Poplar sucks for firewood no matter how you rotate it.


----------



## Oly's Stump (Jan 20, 2007)

Good for making paper...thats about it!


----------



## Woodsrover (Jan 21, 2007)

Yup, poplar is a pretty poor fuel. I've got a pile of it behind the barn I'm trying to give away. Cut and clit for fun, but I won't burn it! Anyone here near Cornwall Ct.? You're welcome to it!


----------



## Husky137 (Jan 21, 2007)

Woodsrover said:


> Cut and clit for fun


 Was your mind elsewhere?:hmm3grin2orange:


----------



## wdchuck (Jan 21, 2007)

Woodsrover said:


> Cut and clit for fun,





Husky137 said:


> Was your mind elsewhere?:hmm3grin2orange:



That's more than a typo, must be one of those Freudian things.  

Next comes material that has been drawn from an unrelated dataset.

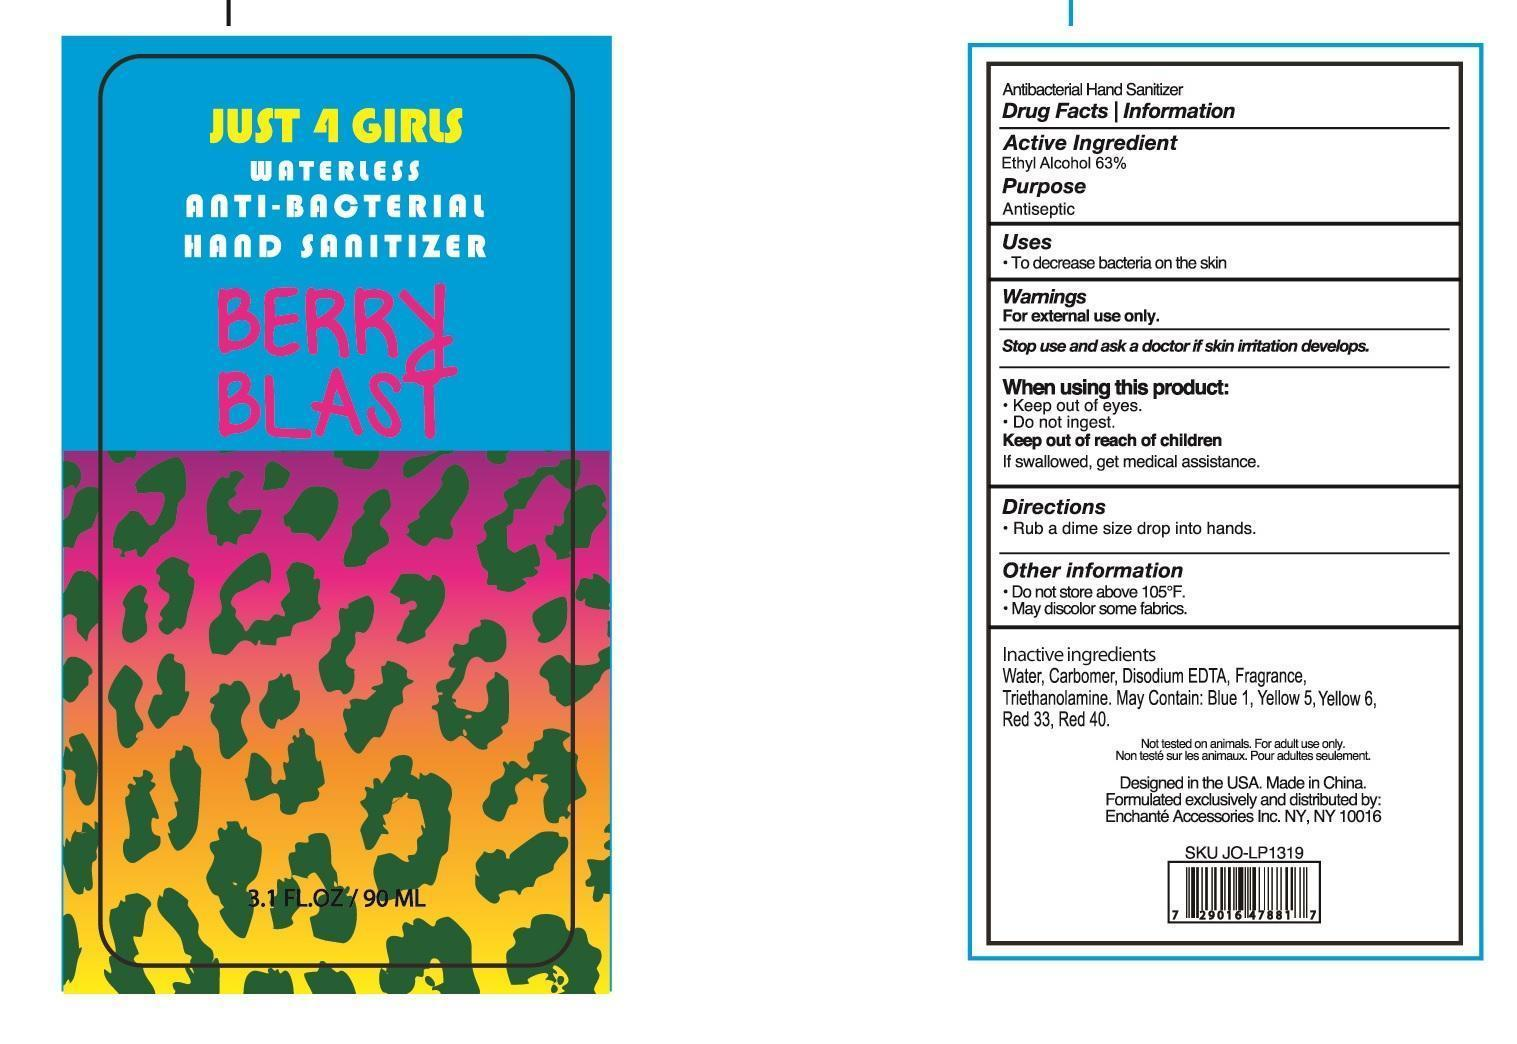 Just 4 Girl Waterless Anti Bacterial Hand Sanitizer Berry Blast (Alcohol) Liquid [Enchante Accessories Inc. ]

What's the growth rate on the silver maple, I find it to be a fine wood, rotating a 5acre plot would be handy.


----------



## Woodsrover (Jan 21, 2007)

Woodsrover said:


> Cut and clit for fun



Doh!!!


----------



## redneckpete (Jan 21, 2007)

Poplar is a very low density wood. It also produces a lot of ash, and it stinks like crazy while drying. Stack up your hearth with a load of less then perfectly dry poplar and it will stink you out of the house.

Pete


----------



## stumpguy (Jan 22, 2007)

i have never heard of anyone trying to grow their own firewood. how long do you plan on living?


----------



## Kneejerk Bombas (Jan 22, 2007)

A few things to think about, these hybrids grow 1 or 2 inches in diameter a year so harvest in about ten years, they send up new trees from root shoots so you'll never have to plant more, and once wood is dry it all has about the same BTU per pound.


----------



## stumpguy (Jan 22, 2007)

well, anyone who is willing to wait ten years just to harvest poplar, has rocks in their head.


----------



## Kneejerk Bombas (Jan 22, 2007)

What if you wanted to be totally self sufficiant and burned the wood in an outdoor stove?
I'm thinking Poplar might take the smallest amount of land to grow a set amount of energy, and also have the shortest time from planting to harvest, for firewood anyway.


----------



## computeruser (Jan 22, 2007)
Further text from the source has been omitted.